WORK REQUIRED: Since the copy must hold text only, transcribe the data below exactly and omit the images.

INFORMATION SUPPLIED:
═══

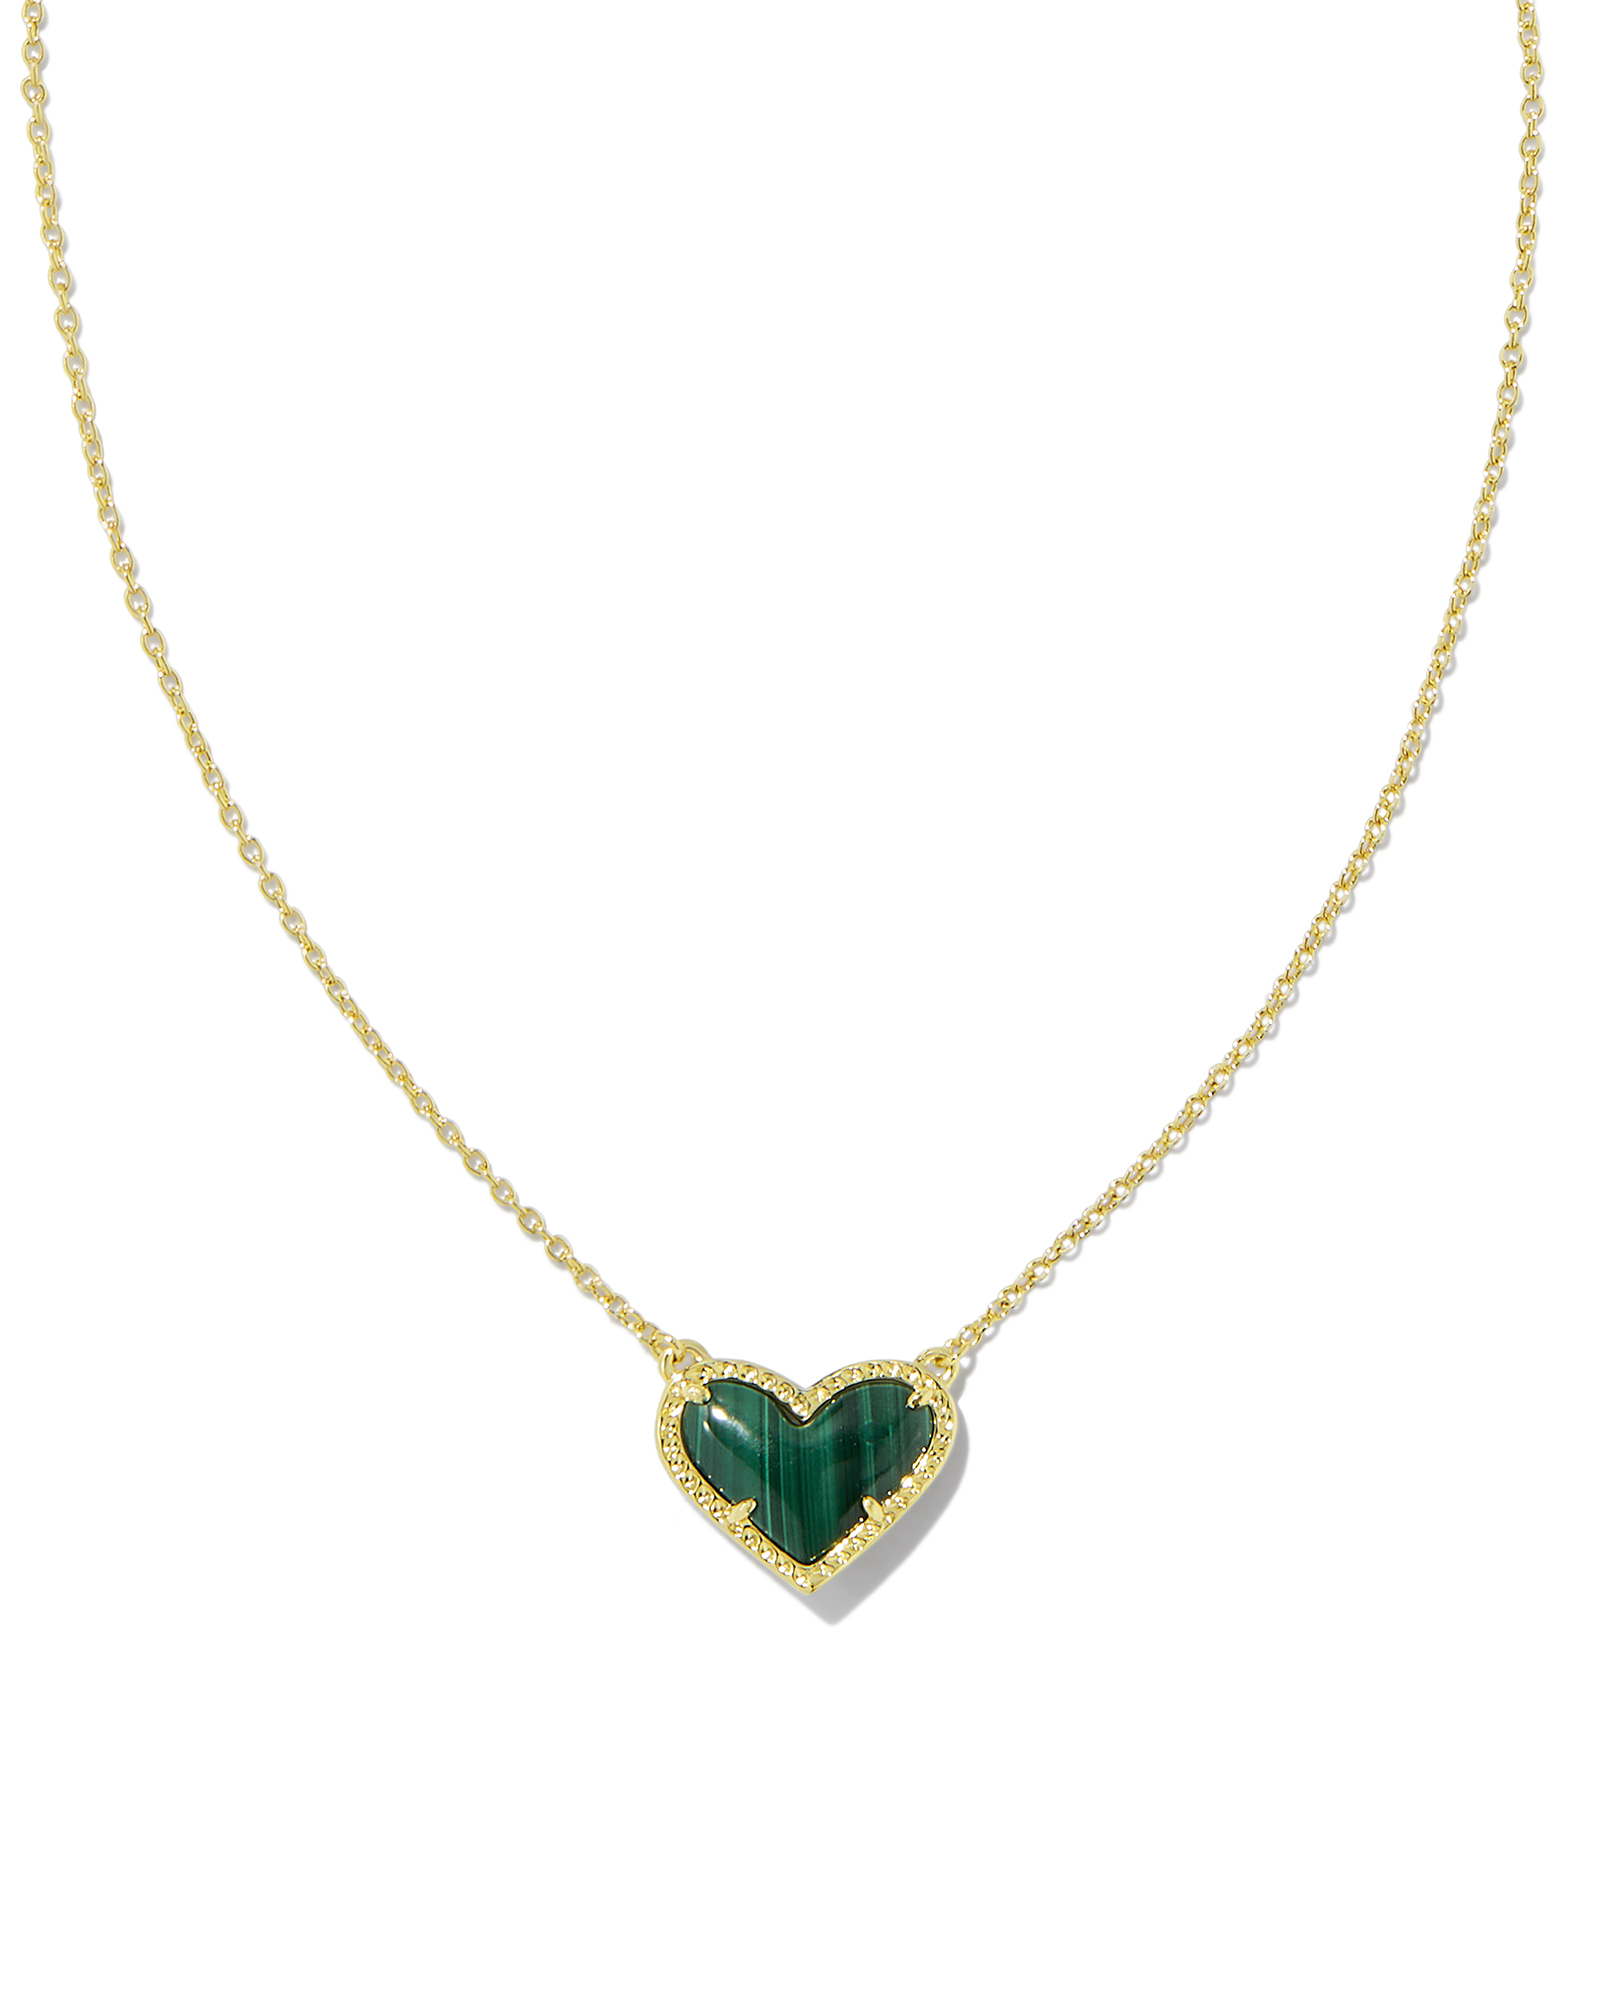 Relationship” Malachite Heart pendant, manmade malachite necklace, luxury  gift for her – Crystal boutique
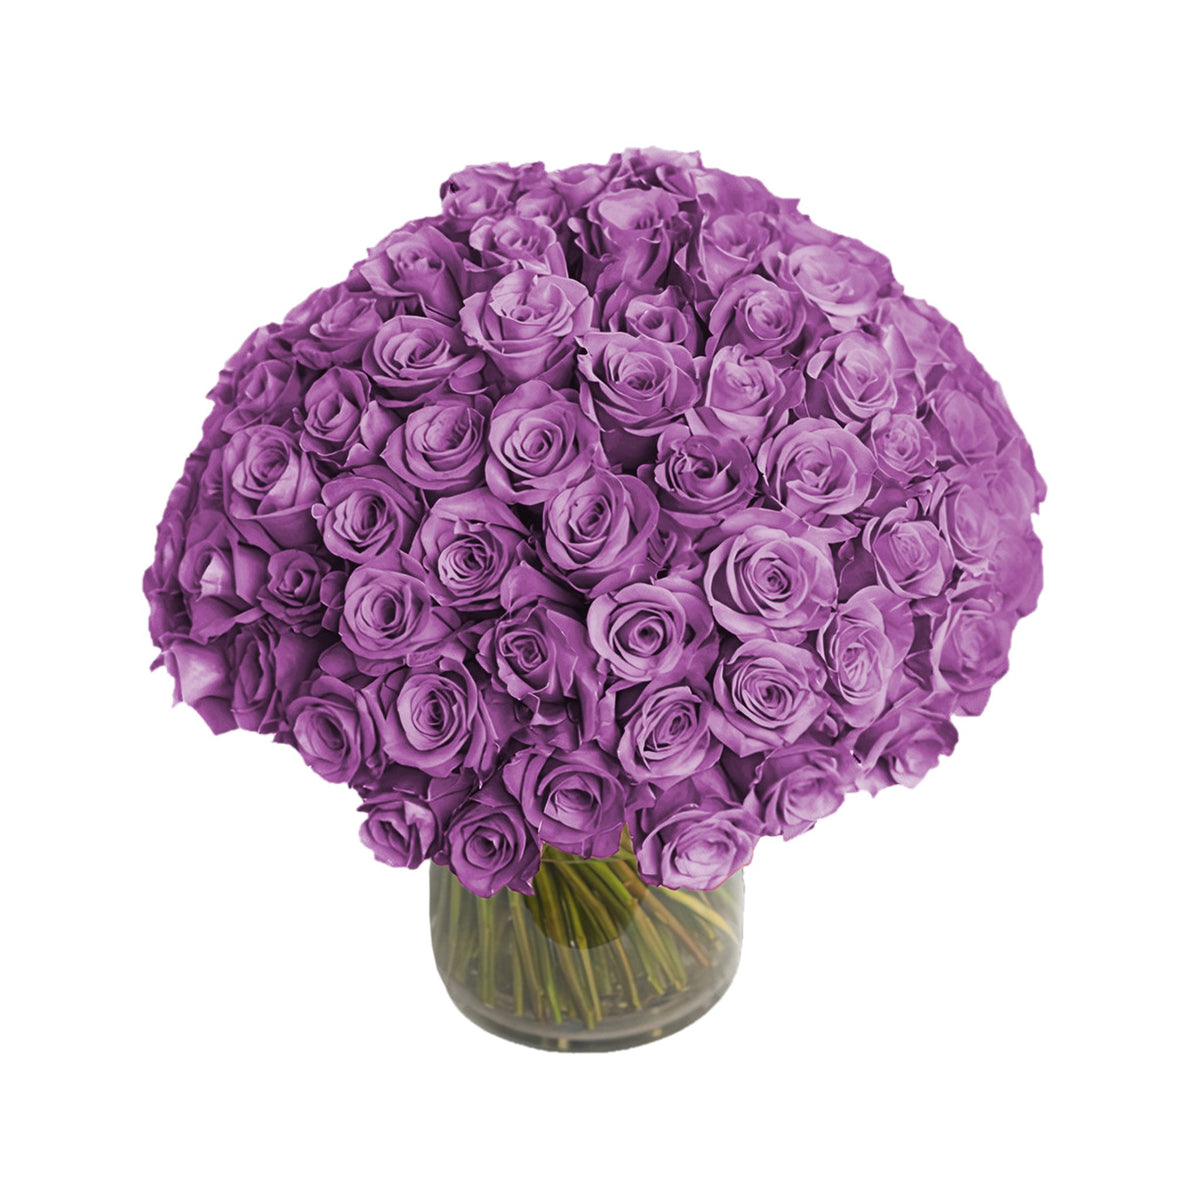 NYC Flower Delivery - Fresh Roses in a Crystal Vase | Purple - 100 Roses - Roses
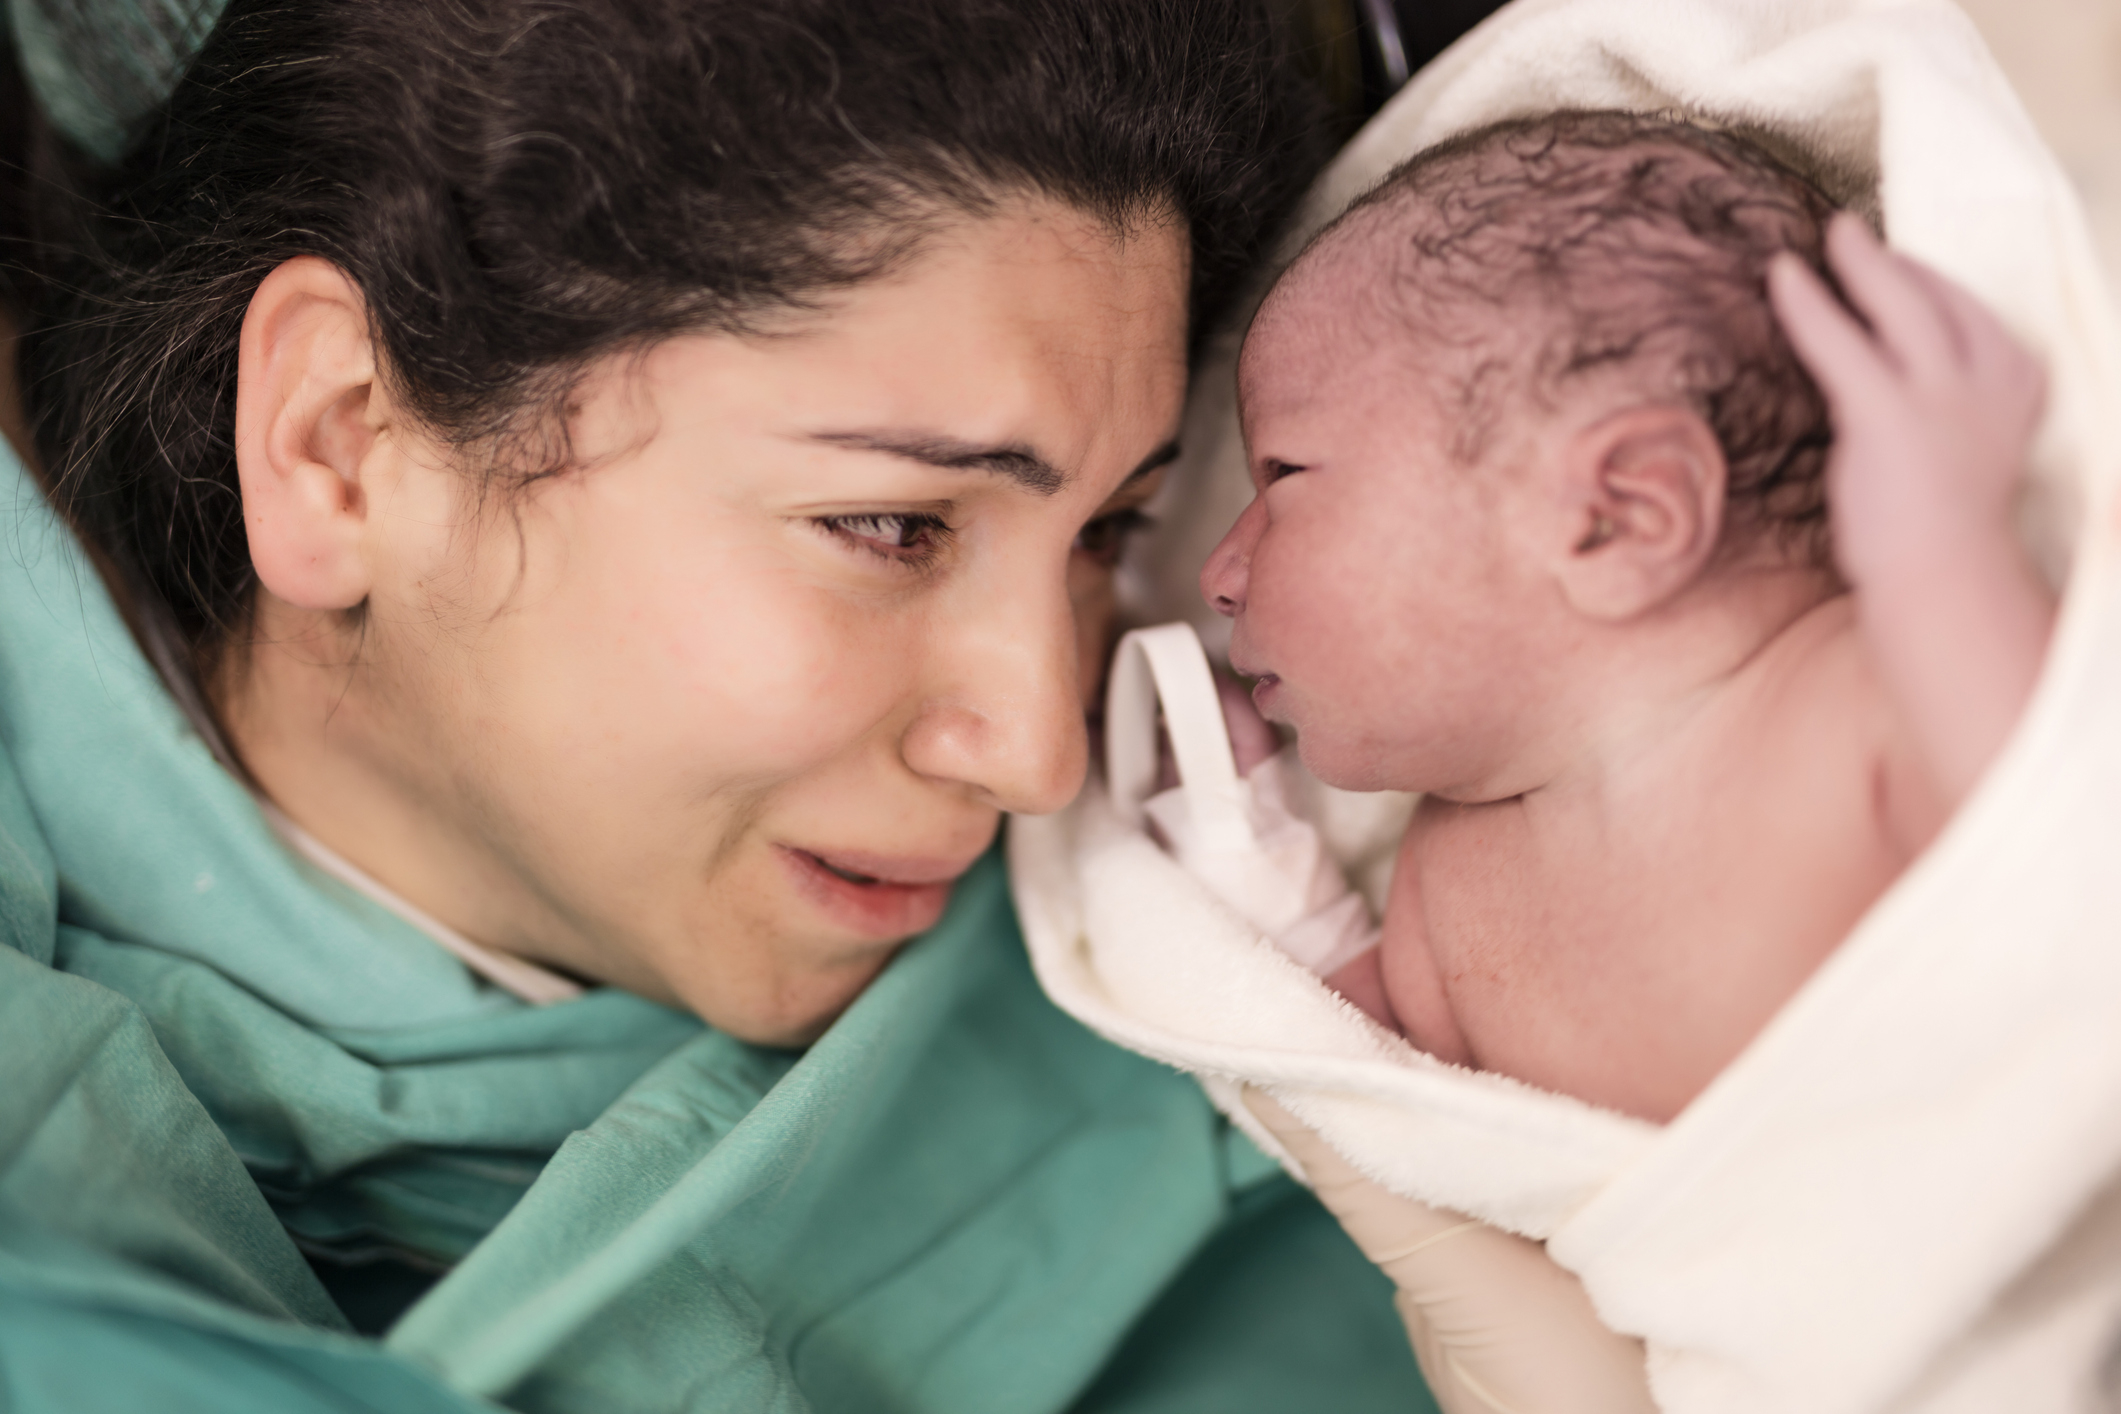 Woman holding and gazing affectionately at her newborn baby

═══

TASK OUTPUT:
 Relationship” Malachite Heart pendant, manmade malachite necklace, luxury  gift for her – Crystal boutique
 NYC Flower Delivery - Fresh Roses in a Crystal Vase | Purple - 100 Roses - Roses
 Woman holding and gazing affectionately at her newborn baby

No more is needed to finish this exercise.